The difference in FA in the mentioned Cluster 4 in Chow and Chang (2017) is great already with the youngest children, and there is not much overlap between the persistent group, on the one hand, and the recovered and the control group, on the other hand. Therefore, the structural deficit in the splenium can hardly be a consequence of stuttering (we can assume this only if a structural abnormality grows with the time the child has stuttered). Interestingly, Chow, Liu, Bernstein Ratner, and Braun (in an unpublished study, presented at the 2014 ASHA Convention) found a correlation between reduced FA in the splenium and stuttering severity in adults who stutter.


Features of persistent stuttering (old version)

In adolescents and adults whose stuttering has become persistent, symptoms do typically not occur immediately at sentence onset, i.e., on the first syllable of the first word. The cause might be that, over time, almost all stutterers learn to plan sentences incrementally, such that less planning effort is required at sentence onset. However, stuttering still mostly occurs more in the initial portion than at the end of phrases, clauses, and sentences (read more), because, with incremental planning as well, more capacity for planning is needed in the initial part of these units than at their end.

Different from early childhood stuttering, in persistent stuttering, sentence planning is no longer the main cause for the misallocation of attention during speech. Caruso et al. (1994) have shown that stutterers produce more disfluencies under cognitive stress, and cognitive stress comes about not only by high demands in sentence planning, but also by the attempt to avoid or cover stuttering.

Some other factors come in addition: Stuttering frequently occurs on the salient words of a sentence, on long words and on words with high information load ((read more)). This pattern as well may be caused by a misallocation of attention. If a speaker, focuses only on the intended message and the salient, emphasized words so that his or her attention runs ahead to these words, then too little attention (processing capacity) may remain for auditory feedback at the end of the preceding ‘unimportant’ word. The auditory feedback of his word, e.g., a short, unstressed function word, is then poorly processed, a mismatch in the monitoring system occurs, and the resulting error signal blocks the motor program of the subsequent ‘salient’ word.

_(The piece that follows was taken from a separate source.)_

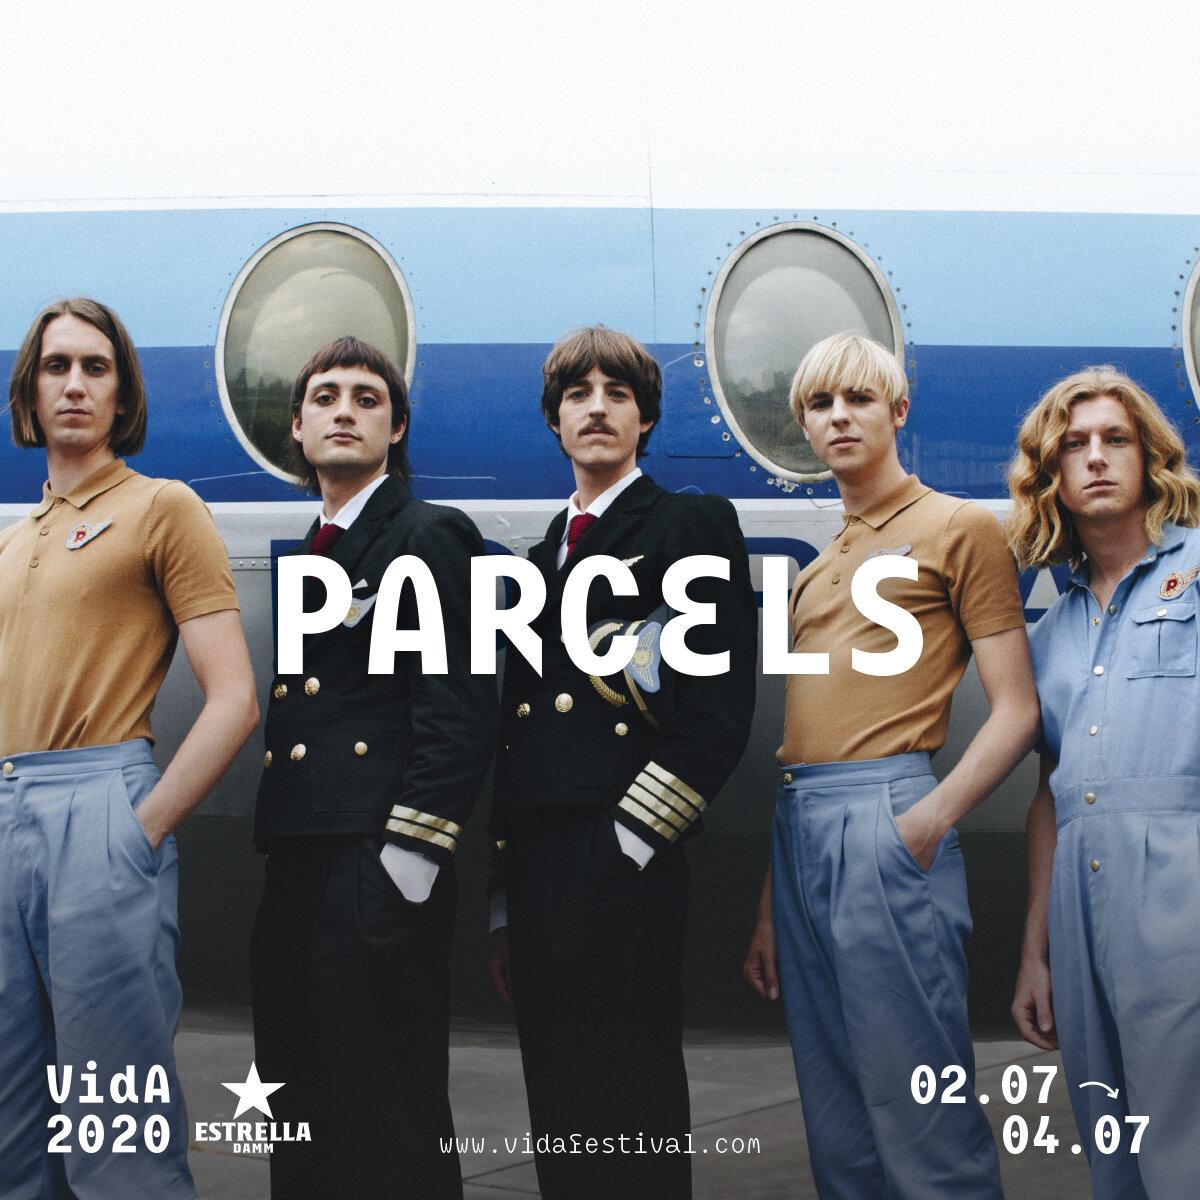 Parcels_1x1_2.jpg

The fact that stressed words, long words, or words with a high information load are more likely to be stuttered than short, unstressed, ‘inconspicuous’ words is thus not due to specific features of those words, but rather because the speaker’s attention tends to be prematurely focused on them.

A typical feature of persistent stuttering is that anticipating a block triggers a block. After a child has become aware of his or her stuttering, speaking is often angst-burdened, and attention is automatically focused on the feared word. The focus on the threat then interferes with the processing of non-threat-related information (Compton, 2003; Ferneyhough et al., 2013; Koster et al., 2004); in our context, with the processing of auditory feedback. Note that not auditory feedback is the threatened information (a stutter block is inaudible), but (1) the memory of previous trouble with that word and (2) the inner perception of an inhibition of articulation, phonation, or breathing. An impending block is first mentally anticipated or internally felt, but not heard.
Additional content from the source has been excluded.